Я стала думать об отношениях моих новых знакомых друг с другом, а Мета принялась запросто болтать с ними.
— Как называется озеро?
— Разбойничье.
— Фу! Что за название! — Мета подозрительно поглядела на гладкую поверхность воды.
— Жуткое, не правда ли? — сказала Хедвиг Гуннарсон. Ее лицо показалось мне открытым и симпатичным. — Когда я была маленькая, то воображала, будто это озеро — живой человек, грабитель, который подкарауливает нас, чтобы обокрасть, oipa-бить. Когда у нас что-нибудь пропадало, я думала: «Это украл Ронарен».
— А вы, фрекен Гуннарсон, всегда жили здесь?
— В общем, да. Я родилась в большой крестьянской усадьбе, вон там, на восточной стороне озера. Она до сих пор принадлежит моему брату. А сама я живу теперь со старшей сестрой, вдовой. Ее зовут Адель Ренман. Зиму мы проводим в Стокгольме, а летом живем в ее вилле, которая находится между усадьбой Роиста и домом тети Отти.
Я повернулась к Виви Анн:
— Стало быть, Адель Ренман ваша мать?
— Да, — односложно ответила она.
— Значит, вы трое — ближайшие соседи на берегу озера? А дом доктора Бьерне на другом берегу?
Разглядеть его глаза за темными очками было нелегко, но я догадывалась, что взгляд их был томный.
— Зовите меня Турвальд… иди Тедди, как меня зовут в нашей дачной компании. Да, у меня славный домик в лесу, я с удовольствием вам его покажу.
— Ну, а вы, — обратилась Мета к тощему гребцу, — где вы живете?
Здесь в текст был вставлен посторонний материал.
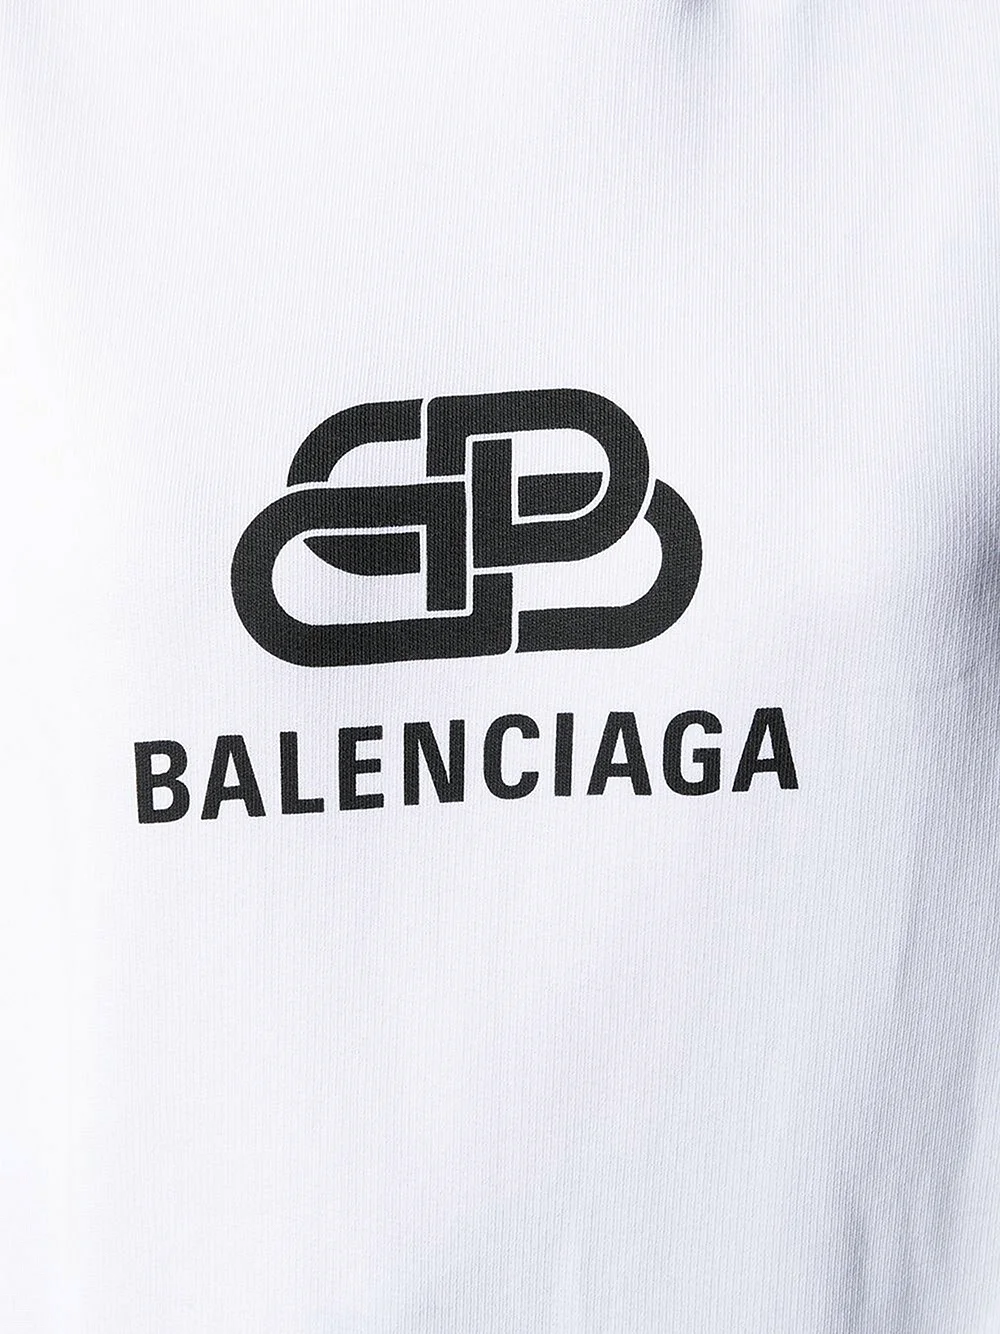 Логотип ВВ Balenciaga

Глаза Йерка неопределенного цвета смотрели не то шутливо, не то серьезно, когда он процитировал:
Голос его звучал невыразительно, но слова прозвучали почти пугающе. Хедвиг Гуннарсон застыла на корме, как мокрая статуя. Виви Анн стало вдруг холодно несмотря на яркое солнце. И даже Мета притихла.
Турвальд прервал молчание:
— А что твой муж, где он?
— Он приедет в субботу, — уклончиво ответила я.
— И не страшно вам, двум беззащитным русалкам, жить одним в доме на берегу?
Мне уже начала надоедать эта болтовня о русалках. Я холодно ответила, что если нам станет страшно, мы уедем. Потом я нырнула в озеро и уплыла.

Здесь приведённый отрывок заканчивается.